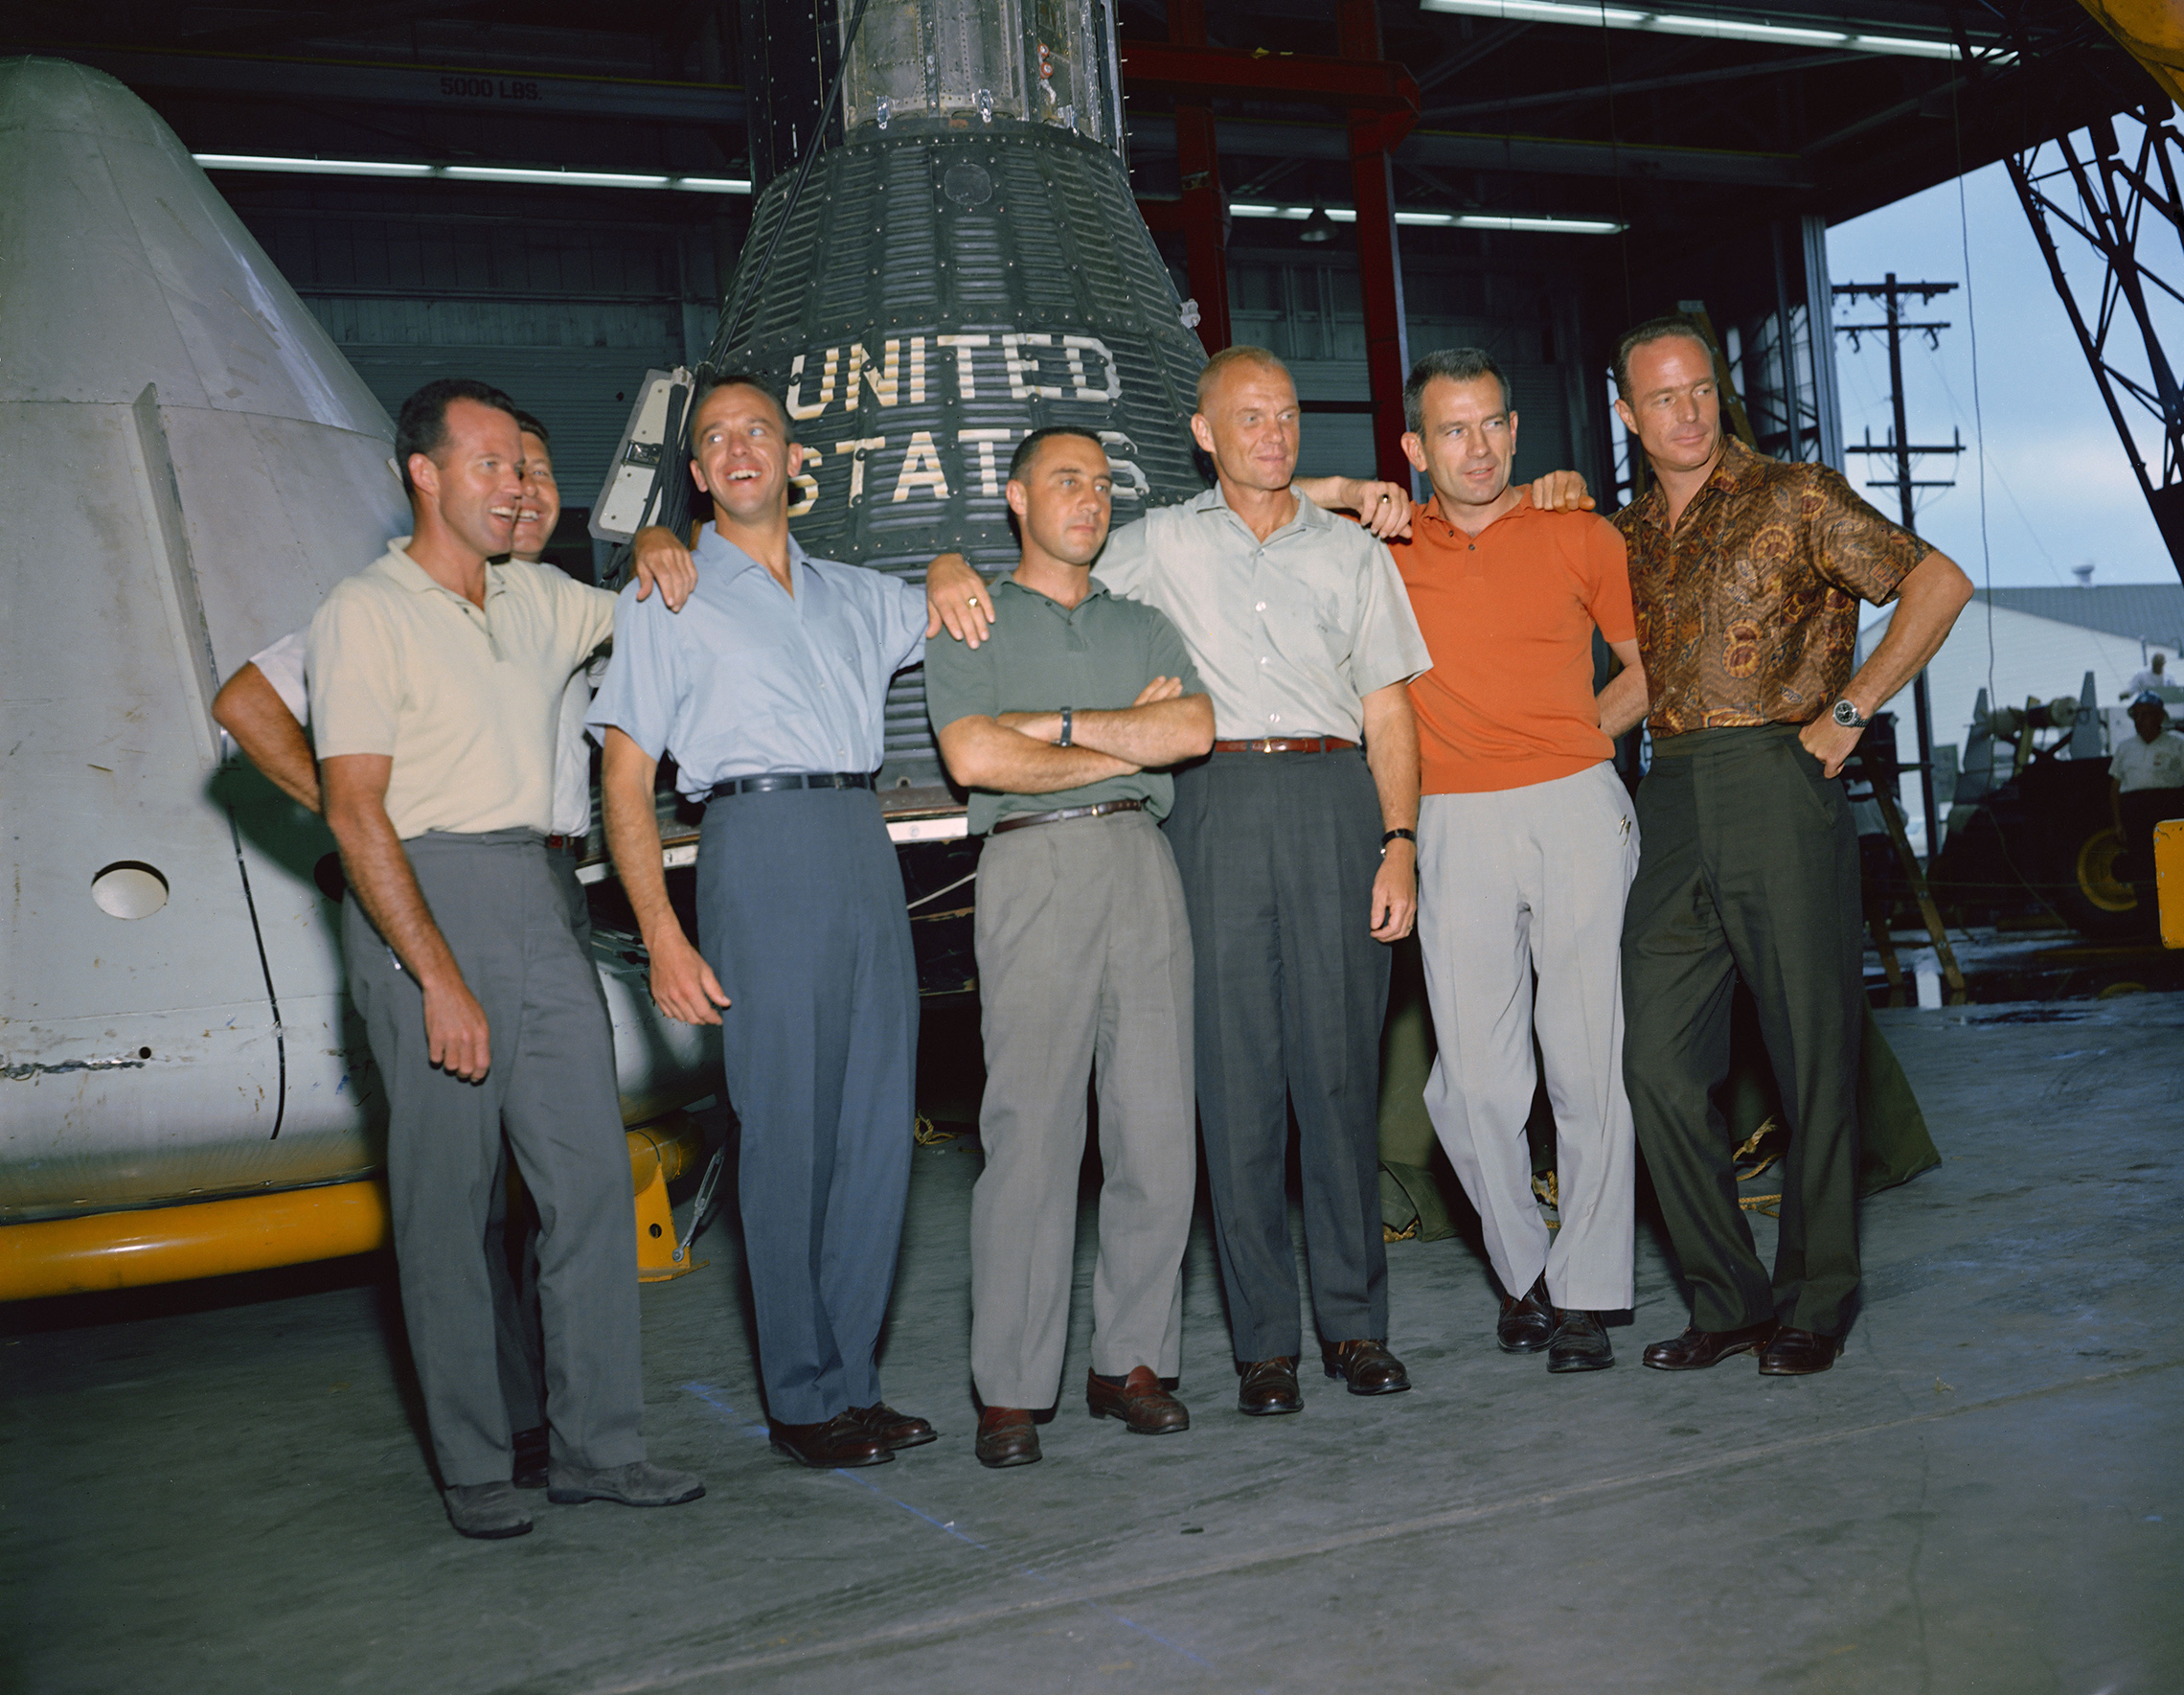 9. dubna 1959, NASA první správce, Dr. Keith Glennan, oznámil jména agentury první skupiny astronautů na tiskové konferenci ve Washingtonu, d. c., Nyní známý jako Původní Sedm, jsou zahrnuty tři Námořních letců, M. Scott Carpenter, Walter M. Schirra, Jr., a Alan B. Shepard, Jr.; tři letectva piloti, L. Gordon Cooper Jr., Virgil I. (Gus) Grissom, a Donald K. (Pape) Slayton; spolu s Marine Corps letec John H. Glenn Jr. Tuto fotografii skupina původní astronauti Mercury byla pořízena v červnu 1963 v Posádkou Kosmické lodi Centra (MSC), teď Johnson Space Center v Houstonu, Texas. Astronauti jsou zleva doprava: Cooper, Schirra, Shepard, Grissom, Glenn, Slayton a Carpenter. Projekt Merkur se stal prvním velkým podnikem NASA. Cílem programu bylo umístit kosmickou loď s hodnocením člověka na oběžnou dráhu kolem Země, sledovat výkon astronautů v takových podmínkách a bezpečně obnovit astronaut a kosmickou loď. Lety Mercury prokázaly, že lidé mohou žít a pracovat ve vesmíru, a vydláždil cestu pro programy Gemini a Apollo i pro všechny další lidské kosmické lety. (NASA)'s first administrator, Dr. Keith Glennan, announced the names of the agency's first group of astronauts at a news conference in Washington, D.C. Now known as the "Original Seven," they included three Naval aviators, M. Scott Carpenter, Walter M. Schirra Jr., and Alan B. Shepard Jr.; three Air Force pilots, L. Gordon Cooper Jr., Virgil I. (Gus) Grissom, and Donald K. (Deke) Slayton; along with Marine Corps aviator John H. Glenn Jr. This group photo of the original Mercury astronauts was taken in June 1963 at the Manned Spacecraft Center (MSC), now Johnson Space Center, in Houston, Texas. The astronauts are, left to right: Cooper, Schirra, Shepard, Grissom, Glenn, Slayton and Carpenter. Project Mercury became NASA's first major undertaking. The objectives of the program were to place a human-rated spacecraft into orbit around Earth, observe the astronauts' performance in such conditions and safely recover the astronaut and the spacecraft. The Mercury flights proved that humans could live and work in space, and paved the way for the Gemini and Apollo programs as well as for all further human spaceflight. (NASA)
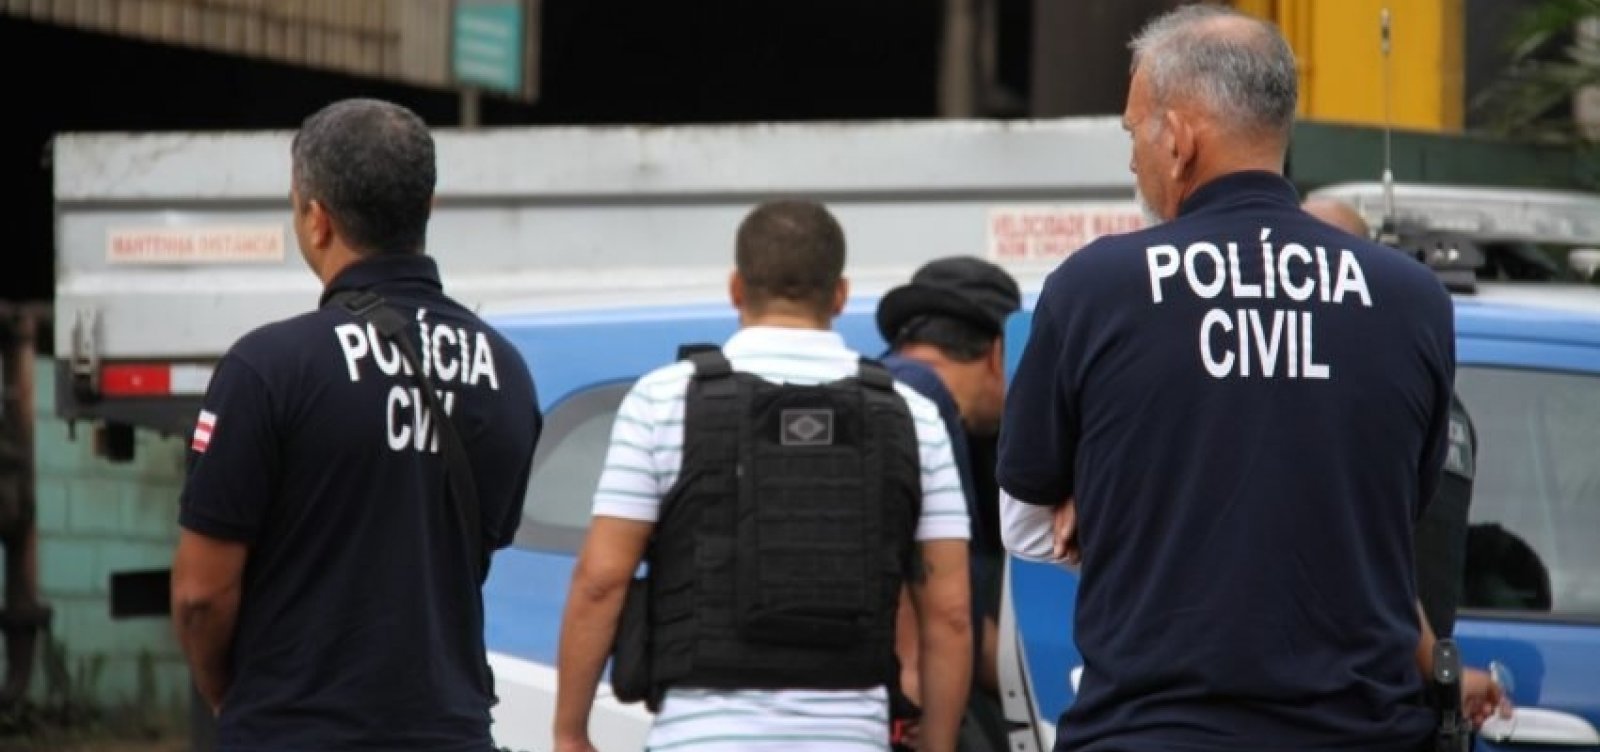 Polícia faz operação para prender quadrilha de tráfico interestadual de drogas 
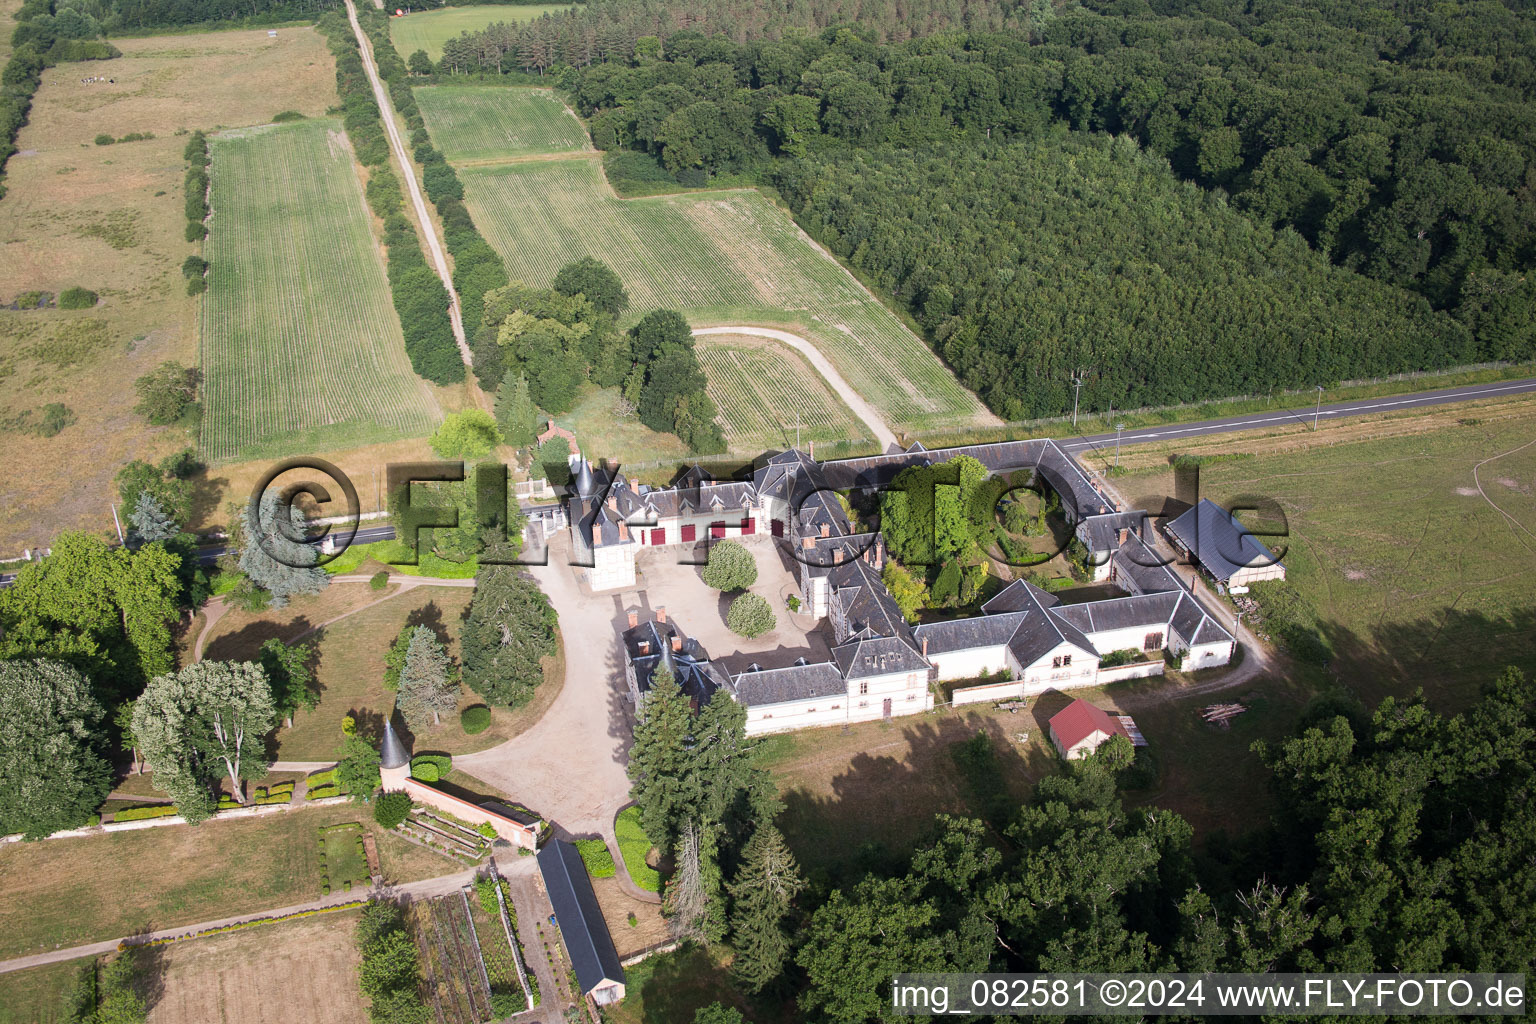 Château de Combreux à Combreux dans le département Loiret, France depuis l'avion
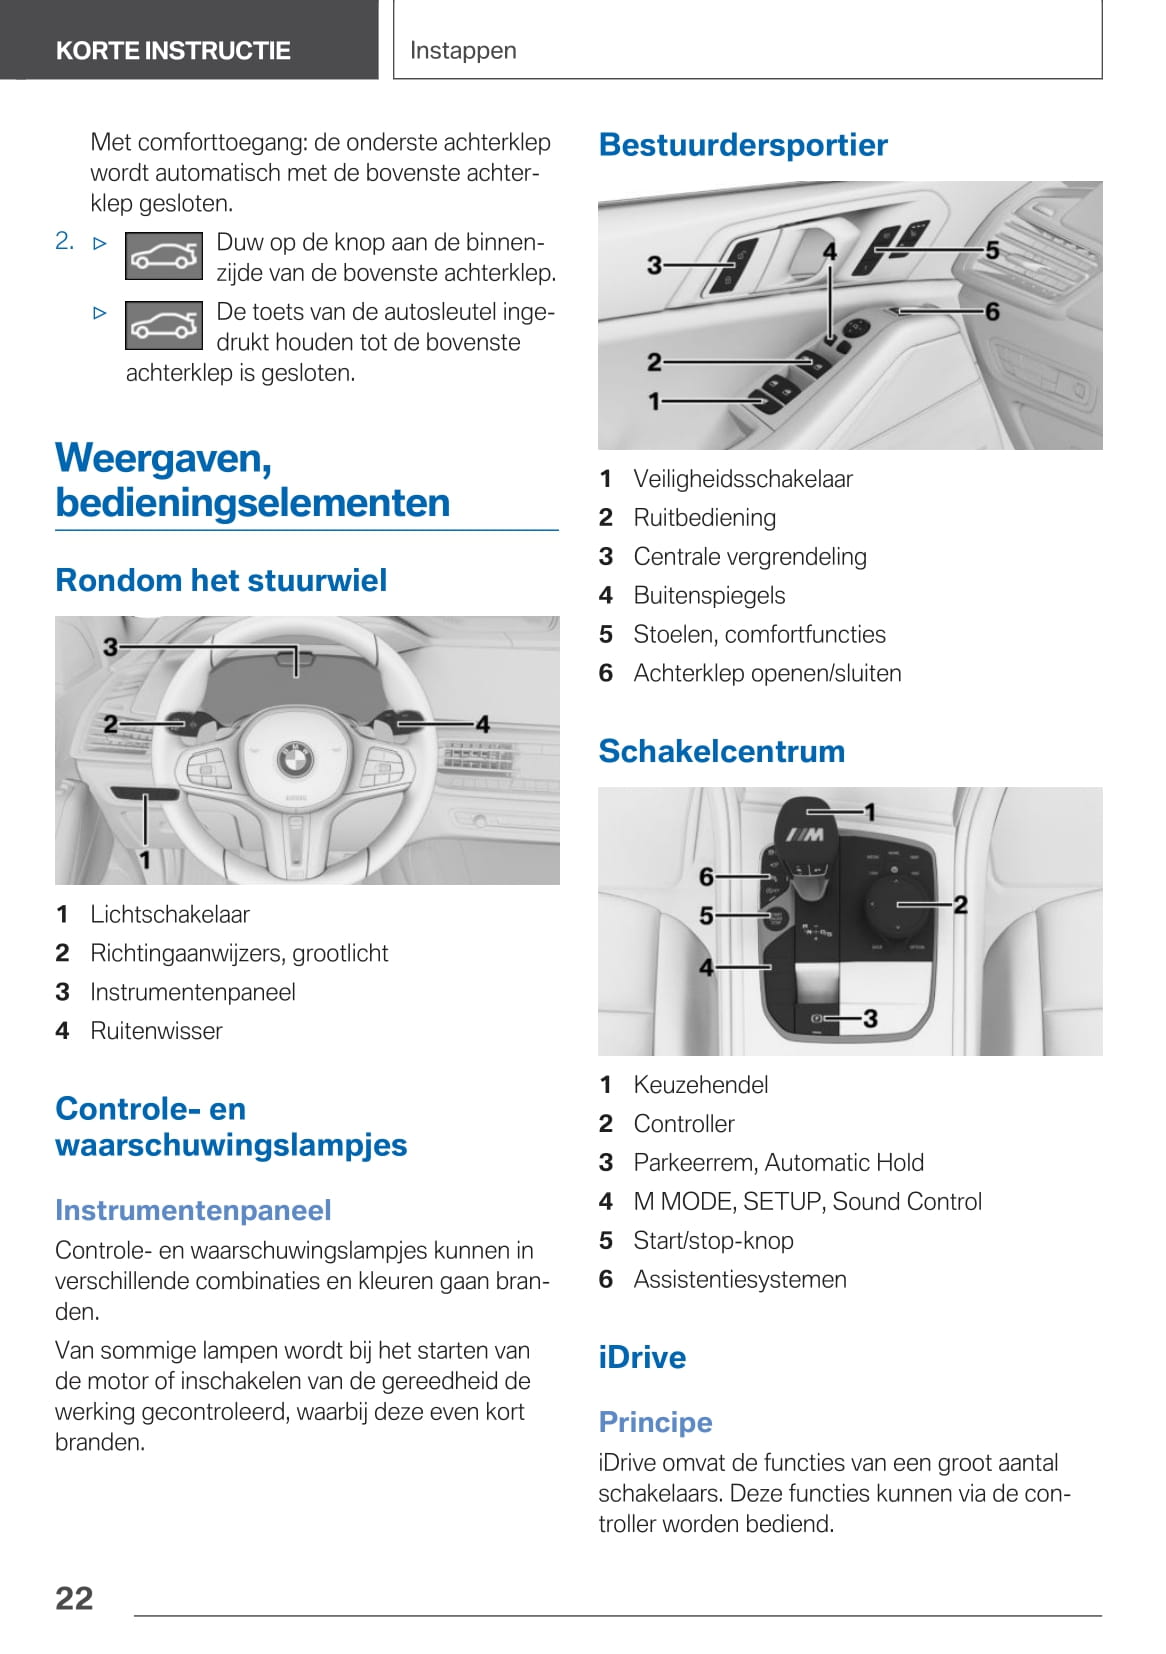 2020 BMW X5 M Bedienungsanleitung | Niederländisch

* * * * *

## Goal of the exercise
Transcribe exactly the line that contains "Polícia faz operação" and each line after it through the end of the listing. Leave out the pictures.

## Task solution
 Polícia faz operação para prender quadrilha de tráfico interestadual de drogas 
 Château de Combreux à Combreux dans le département Loiret, France depuis l'avion
 2020 BMW X5 M Bedienungsanleitung | Niederländisch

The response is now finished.